Puppeteer: Crawl into the public account of sogou wechat search and write Excel

Background: first sogou search now can have a function according to the key word to query WeChat public articles, and we have to do is give it the specified keyword articles to climb down, due to the demand from our business there, so in order to facilitate operation classmate see, also need to put up the data into Excel.
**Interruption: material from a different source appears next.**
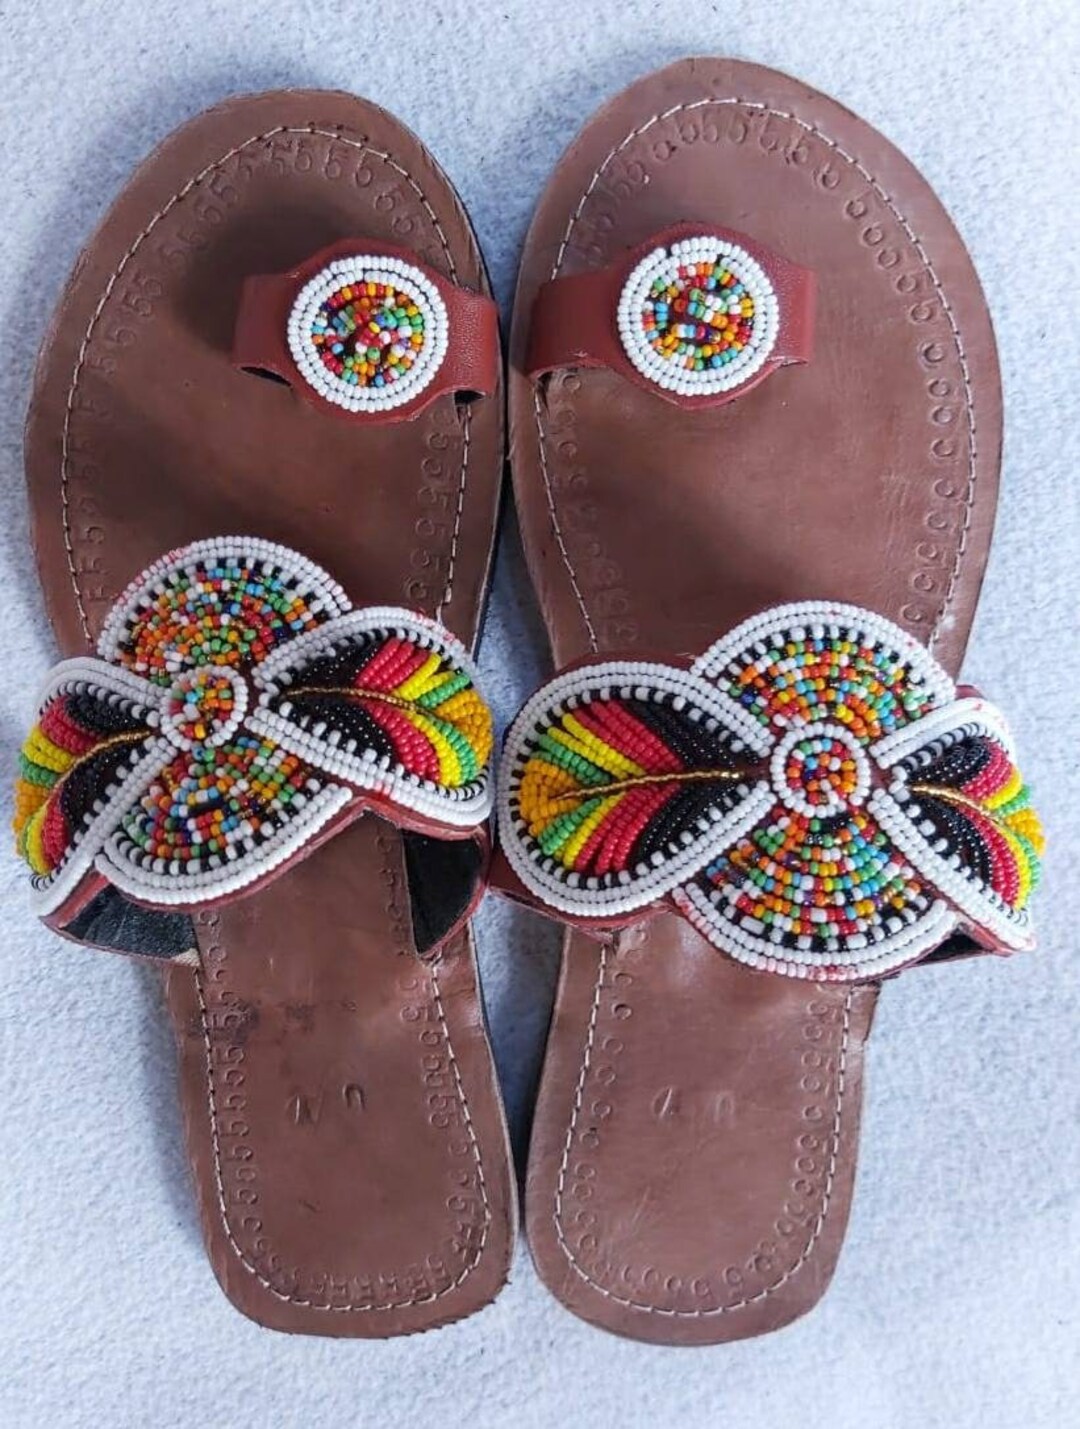 ON Salemaasai Beaded Sandal Sandals for Women Women's - Etsy

The feeling after using it is that it is not complicated as long as you understand the API. Personally, the complex part lies in the need to consider various base cases. First of all, the first general websites are anti-crawl processing, we need to travel through a reasonable way around. So for example, what I was going to do was read the href attribute of the A tag, and then open the link directly in the browser. But after trying to find, and can operate like this, it is estimated that sogou did what anti-climbing operation, this will report IP anomalies. This problem is solved using puppeteer’s page.click method, since puppeteer essentially simulates real user clicks and is not affected by anti-crawling mechanisms. Another is because the crawl is micro channel article, so also consider some of the micro channel article itself, such as the article was deleted or migrated by the publisher, the article was reported, or this article to share another article and so on…

In short, I feel that the crawler scripts written in Puppeteer are strongly coupled to the business, so I feel that the code itself is of little reference value. However, I can take a look at all kinds of weird problems encountered in the process of writing again, which may provide some ideas for solving the problems you encounter.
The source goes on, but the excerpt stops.